The lower-case labels are individual commits, linked together by their "parent" references (the backwards-facing arrows). The upper-case labels are branches, which in git's model are just a pointer to a particular commit, which can be used to reference that commit plus all its ancestors.

Note that the commits b1 and b2 are the ones originally created on branch B, but as far as git is concerned they are just as much a part of the history of branch C.

So now:

  • The pull request (PR) from branch C into branch A must not have the changes made in XPTO.txt from branch B before branch C was created

There is no direct way of telling git this - it doesn't know which commits "belong to" branch B or "came before" branch C. If you ask to merge branch C into A, it will look back until it finds a common ancestor, which as a2, so the commits to merge are b1, b2, c1, and c2.

In order to "remove" those commits, you need to create new commits that don't have them in their history. This is what the "git rebase" command is for.

In this case, you need to rebase the commits after "b2" onto "A", so the command would be git rebase b2 C --onto A. The result will look something like this:

                               (B)
                                |
                                v
                      <--b3 <--b4
                    /
a1 <--a2 <--b1 <--b2
      ^ \           \
      |  \           <--c1 <--c2
     (A)  \
           <--c3 <--c4
                     ^
                     |
                    (C)

Now commits b1 and b2 aren't part of C's history any more.

Commits c3 and c4 will be created by the rebase command based on c1 and c2, respectively, but don't link to them in any way. If there's no other branch or tag pointing at commits c1 and c2, they will eventually be "garbage collected" as orphaned data.


If you want to have part of the changes from commits b1 and b2, you will need to add them back manually as a new commit. This may or may not lead to conflicts later, depending on whether the merge algorithm can figure out what you're trying to do. But that's just a fact of life: two parallel changes to the same file have a risk of conflicting.


Note that this is very different from reverting the changes (either with "git revert", or manually undoing them) which creates additional commits in the history:

                               (B)
                                |
                                v
                      <--b3 <--b4
                    /
a1 <--a2 <--b1 <--b2
       ^            \
       |             <--c1 <--c2 <--rb1 <--rb2
      (A)                                   ^
                                            |
                                           (C)

Here, "rb1" undoes the changes from "b1", and "rb2" undoes the changes from "b2", but all four commits are part of C's history. Once you merge to A, they will all be part of A's history as well, so only b3 and b4 will be "new" when you merge in branch B.
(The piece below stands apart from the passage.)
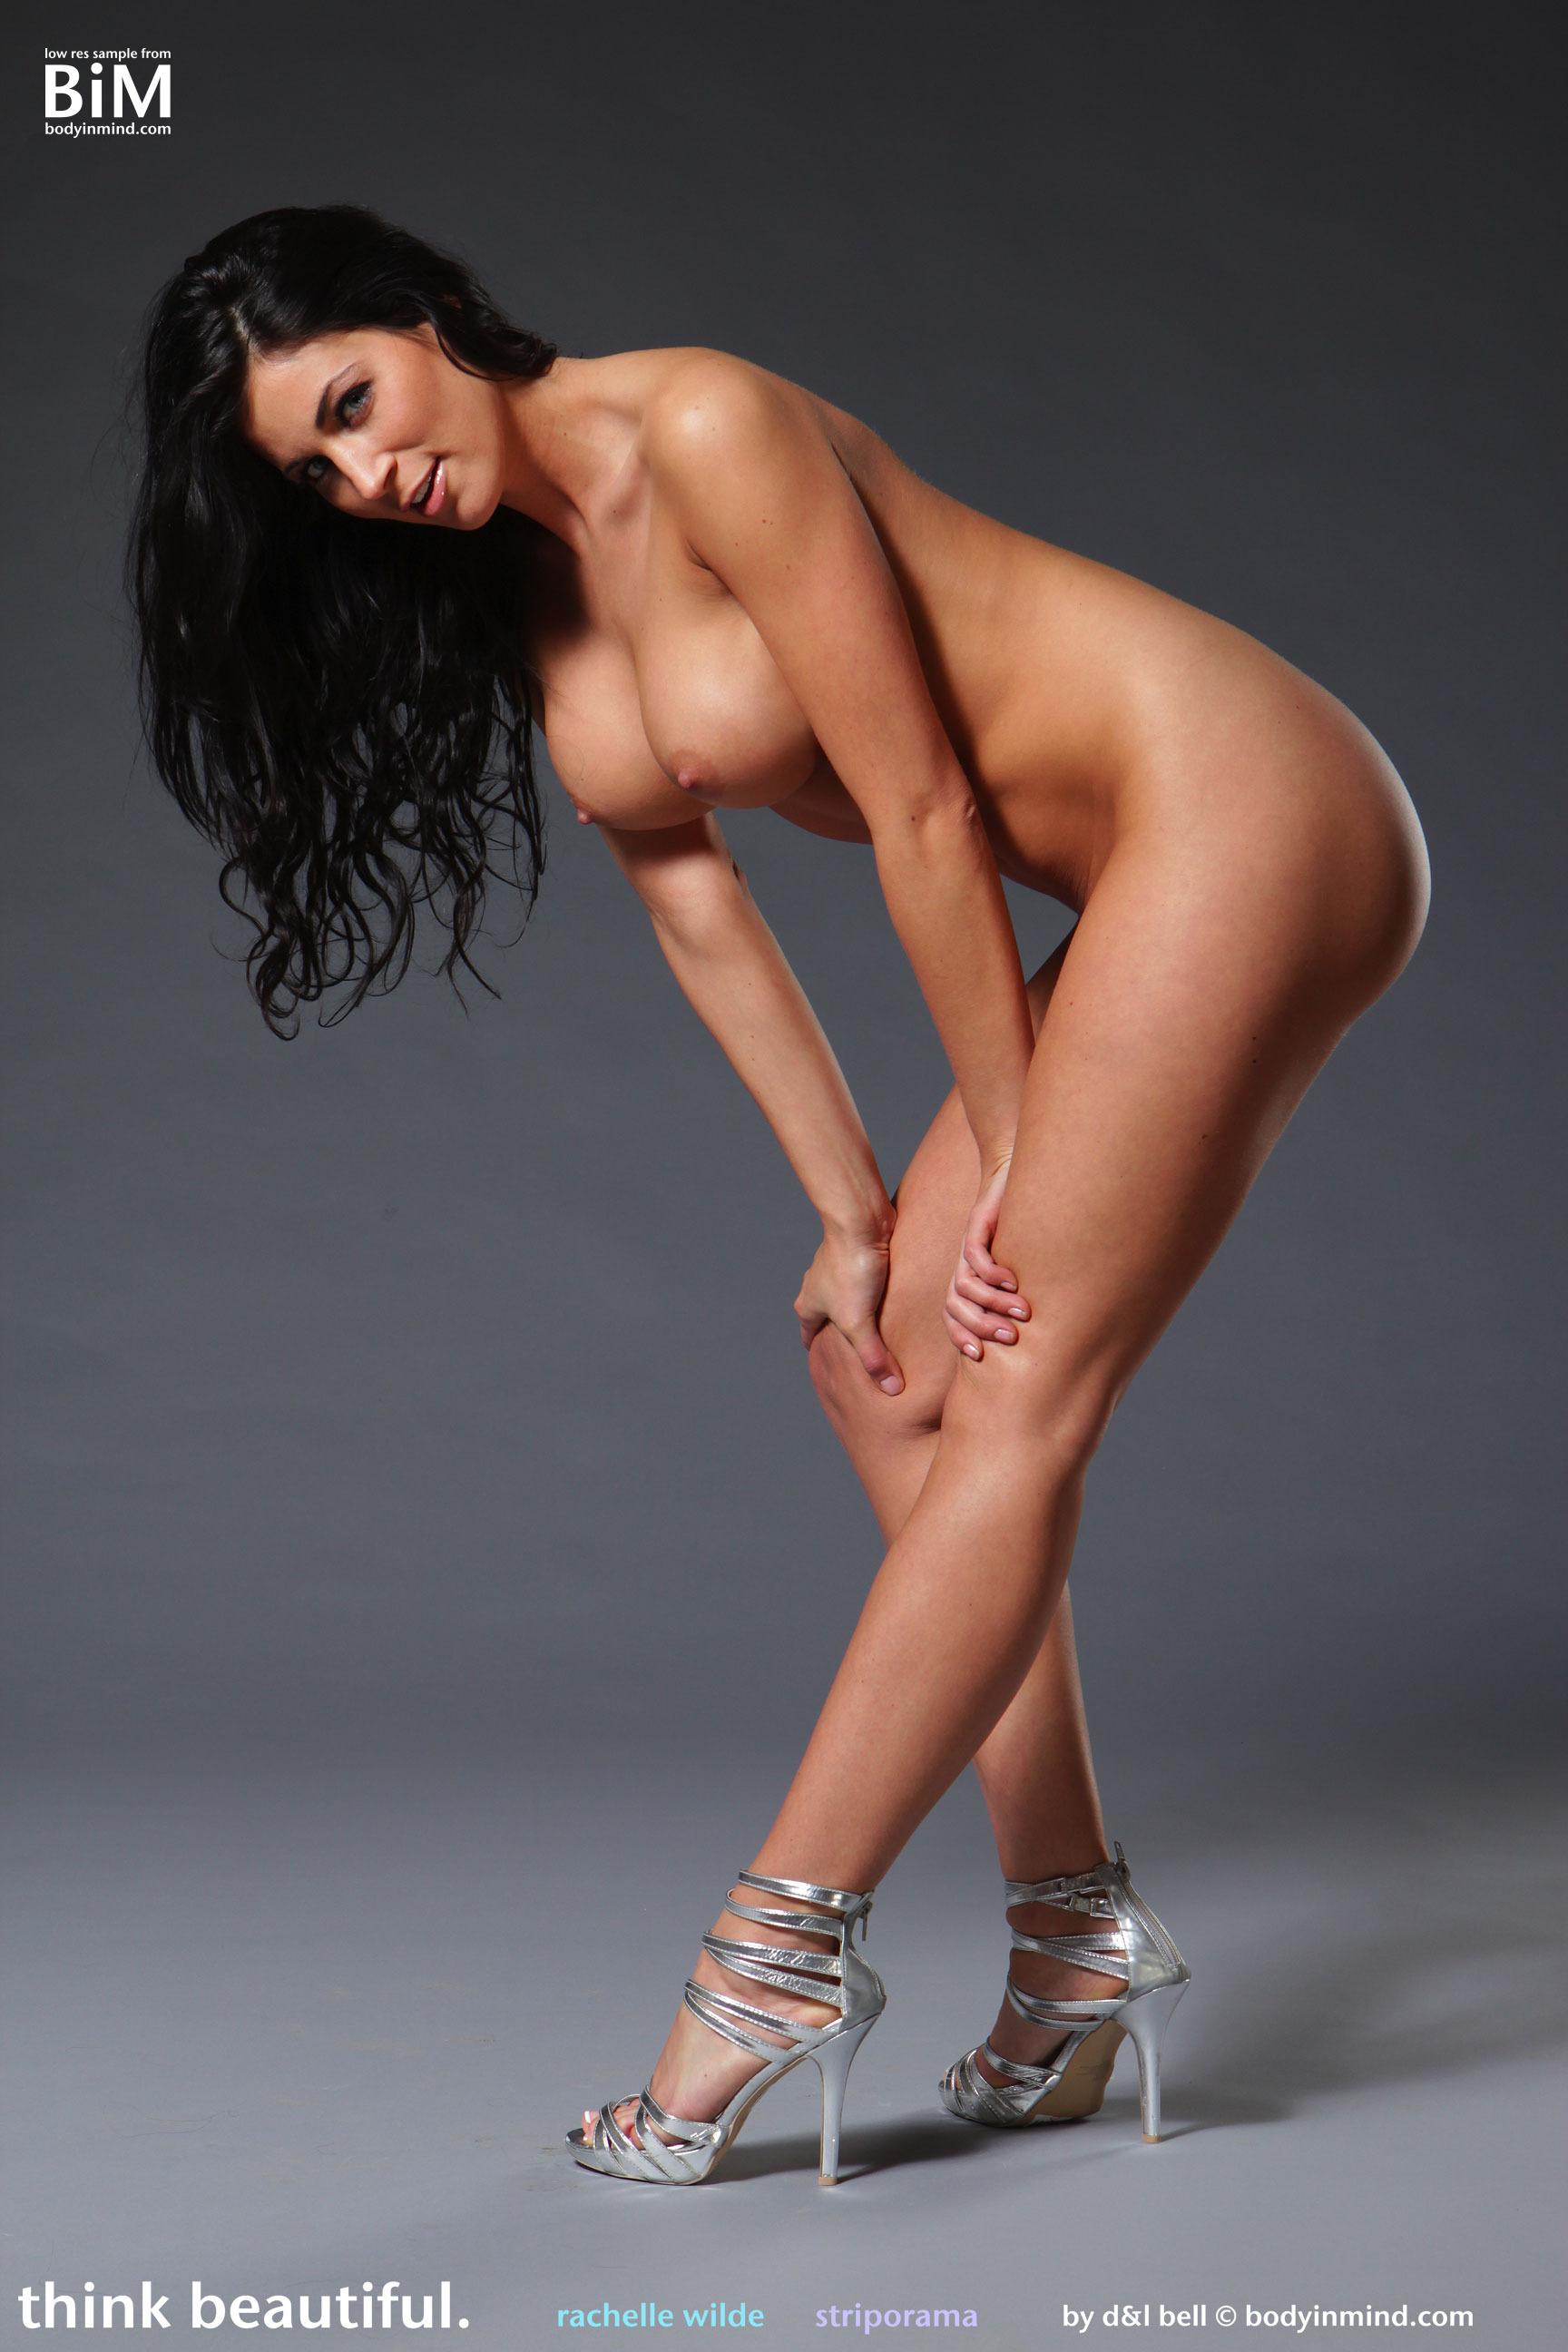 Nackt Rachelle Wilde  All Rachelle

The only other way around this is to rebase branch B to create new copies of the commits to merge after the revert. This leads to a messy history, but is sometimes the way out of a mess.

                               (B)
                                |
                                V
          <--b5 <--b6 <--b7 <--b8
        /
       |
       |             <--b3 <--b4
       |            /
a1 <--a2 <--b1 <--b2
       ^            \
       |             <--c1 <--c2 <--rb1 <--rb2
      (A)                                   ^
                                            |
                                           (C)

Here, b5, b6, b7, and b8 are the versions of b1, b2, b3, and b4 recreated by the rebase command.